Detailed Description

In order to more clearly describe the technical contents of the present invention, the following further description is given in conjunction with specific embodiments.

The invention relates to a method for realizing cross-platform abnormal recognition translation by utilizing a hyper-parametric self-adaptive DBSCAN clustering algorithm, which comprises the following steps of (1) reporting errors in operation, and butting an intelligent service platform;

(3) displaying the result to guide the client to operate correctly;

(4) judging whether the customer is satisfied, if yes, finishing the step, otherwise, continuing the step (5) and pacifying the customer,

carrying out answering and opinion feedback;

(5) recording error reporting content;

(6) establishing a clustering algorithm model, clustering error reporting information, and converting different error reporting clusters into background operation knowledge points;

(6.1) establishing a clustering algorithm model;

(6.3) judging whether the error-reporting clustering can be solved, if so, continuing to the step (6.4); otherwise, the contact person proceeds to

Assisting processing, and continuing the step (6.4);

(6.4) filling a solution, and converting different error reporting clusters into background operation knowledge points of the intelligent service platform;

(6.4.1) filling in a solution;

(6.4.2) carrying out knowledge point duplicate checking, and if repeated, carrying out semantic tuning; otherwise, a knowledge point is newly built,

the backtracking effect is increased.

As a preferred embodiment of the present invention, the method further includes a step of a clustering algorithm, specifically including the following processing procedures:

(1-1) acquiring a data set which needs to be clustered currently;

(1-2) deleting the history model;

(1-3) tone splitting to generate trainer data;

(1-4) establishing a doc2vec training sentence vector model;

(1-5) converting the data set based on the current model;

As a preferred embodiment of the present invention, the contour coefficients in step (1) are specifically:

the profile coefficients are calculated according to the following formula:

The device for realizing cross-platform exception identification translation processing by using the hyper-parametric self-adaptive DBSCAN clustering algorithm comprises the following steps:

a processor configured to execute computer-executable instructions;

The processor for realizing cross-platform anomaly identification translation processing by using the hyper-parametric adaptive DBSCAN clustering algorithm is configured to execute computer executable instructions, and when the computer executable instructions are executed by the processor, the steps of the method for realizing cross-platform anomaly identification translation processing by using the hyper-parametric adaptive DBSCAN clustering algorithm are realized.

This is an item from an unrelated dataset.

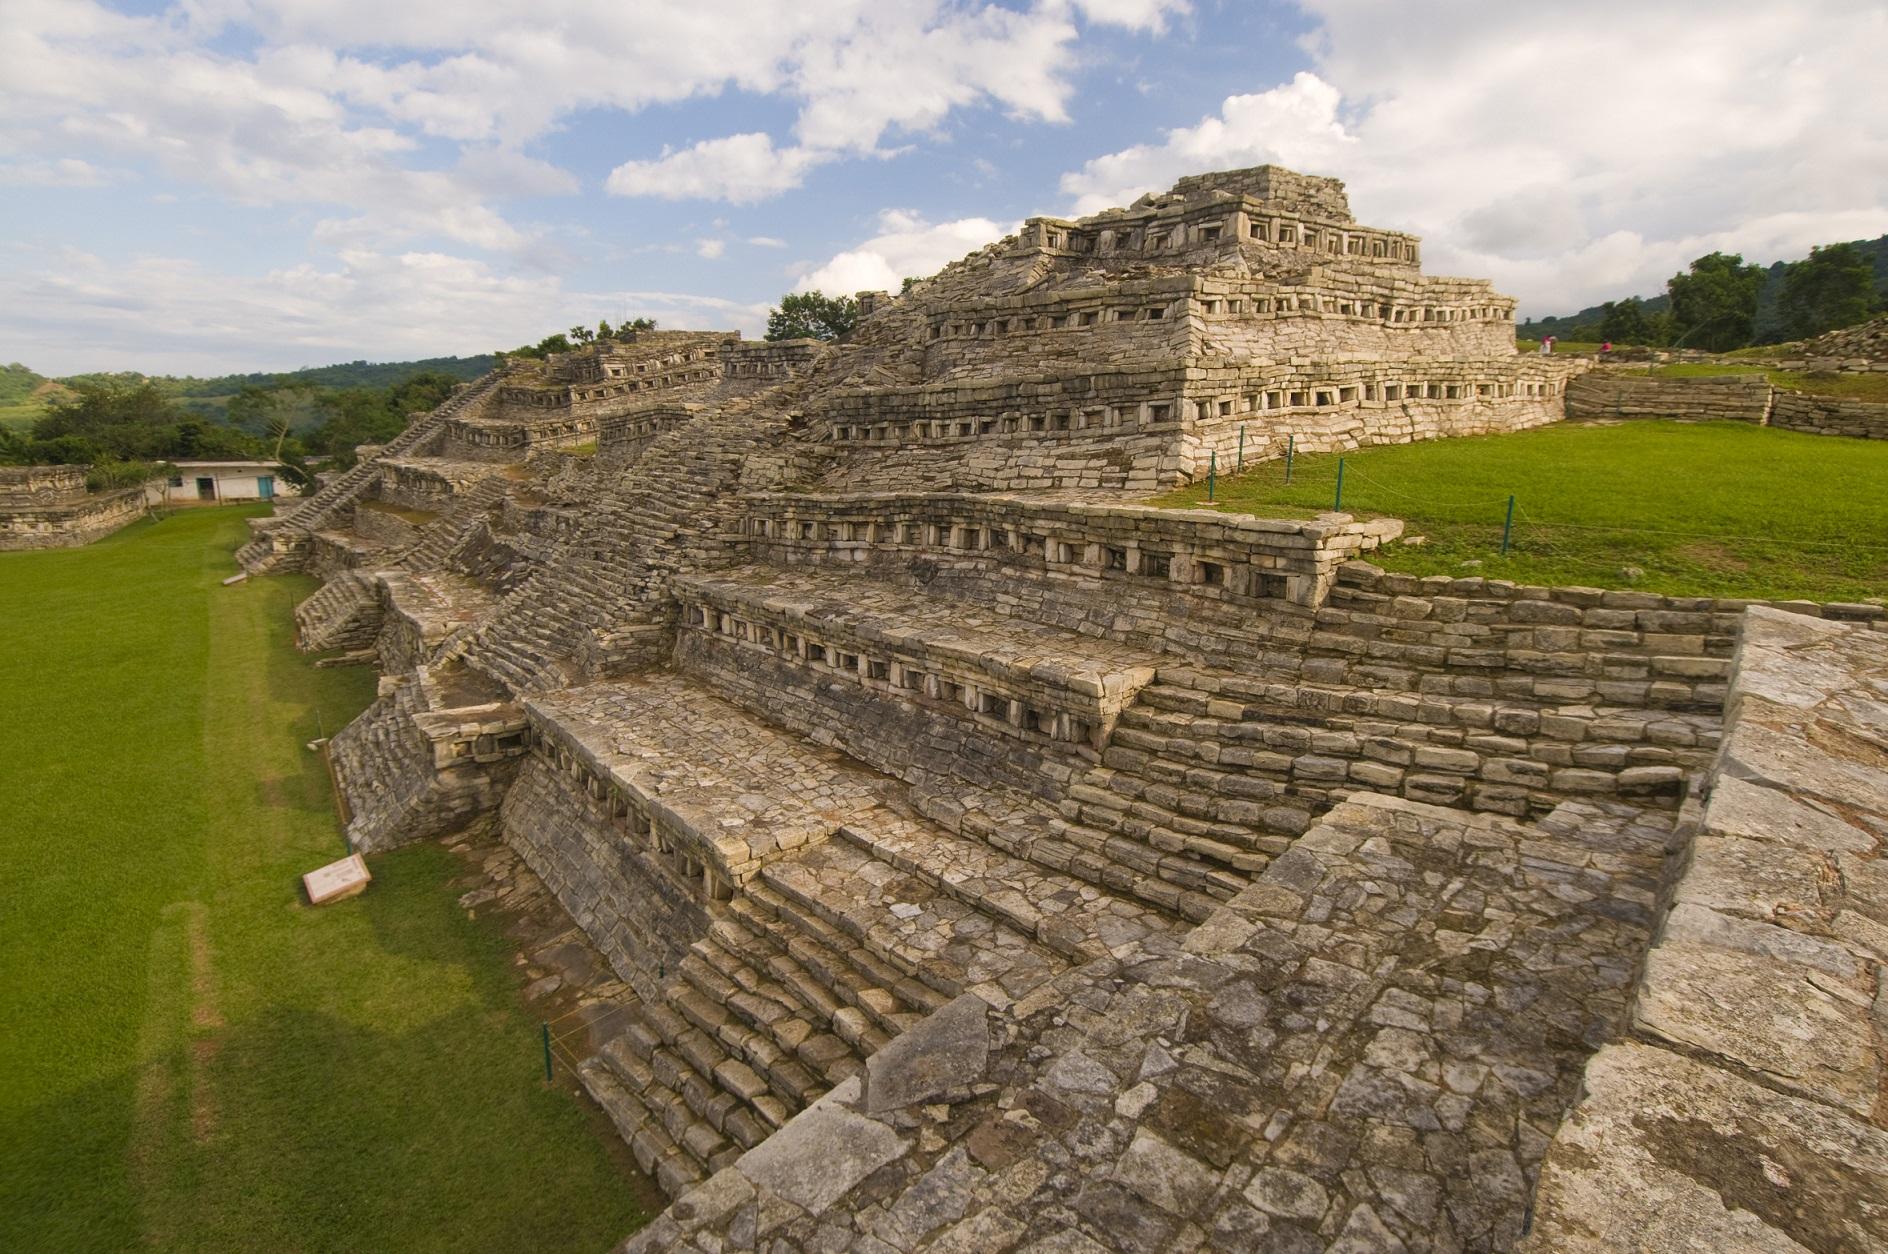 /cms/uploads/image/file/270900/Yohualichan-Puebla.jpg

The computer readable storage medium has stored thereon a computer program executable by a processor to perform the steps of the above method for implementing cross-platform anomaly recognition translation processing using a hyperreference adaptive DBSCAN clustering algorithm.

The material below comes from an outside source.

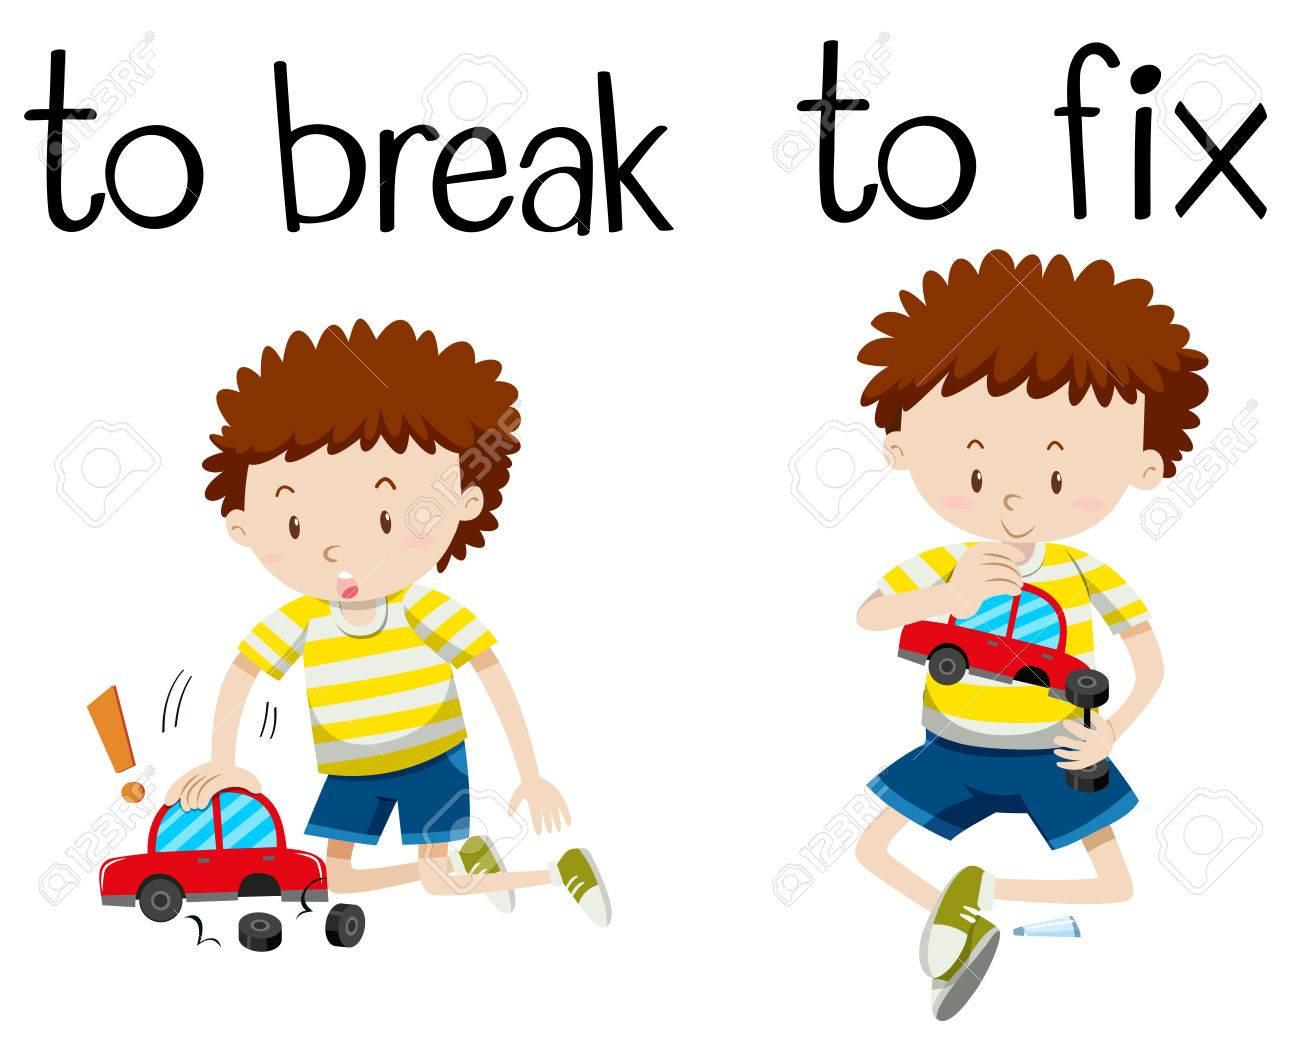 Opposite wordcard for break and fix illustration.

In the specific implementation manner of the present invention, the technical problem to be solved is to provide a cross-platform error-reporting translation system for a terminal, which identifies and translates abnormal information occurring in business operations on the terminal into client-friendly dialect and subsequent business guidance, and assists a client, especially a new client with insufficient experience, to smoothly perform business operations such as market browsing and stock trading.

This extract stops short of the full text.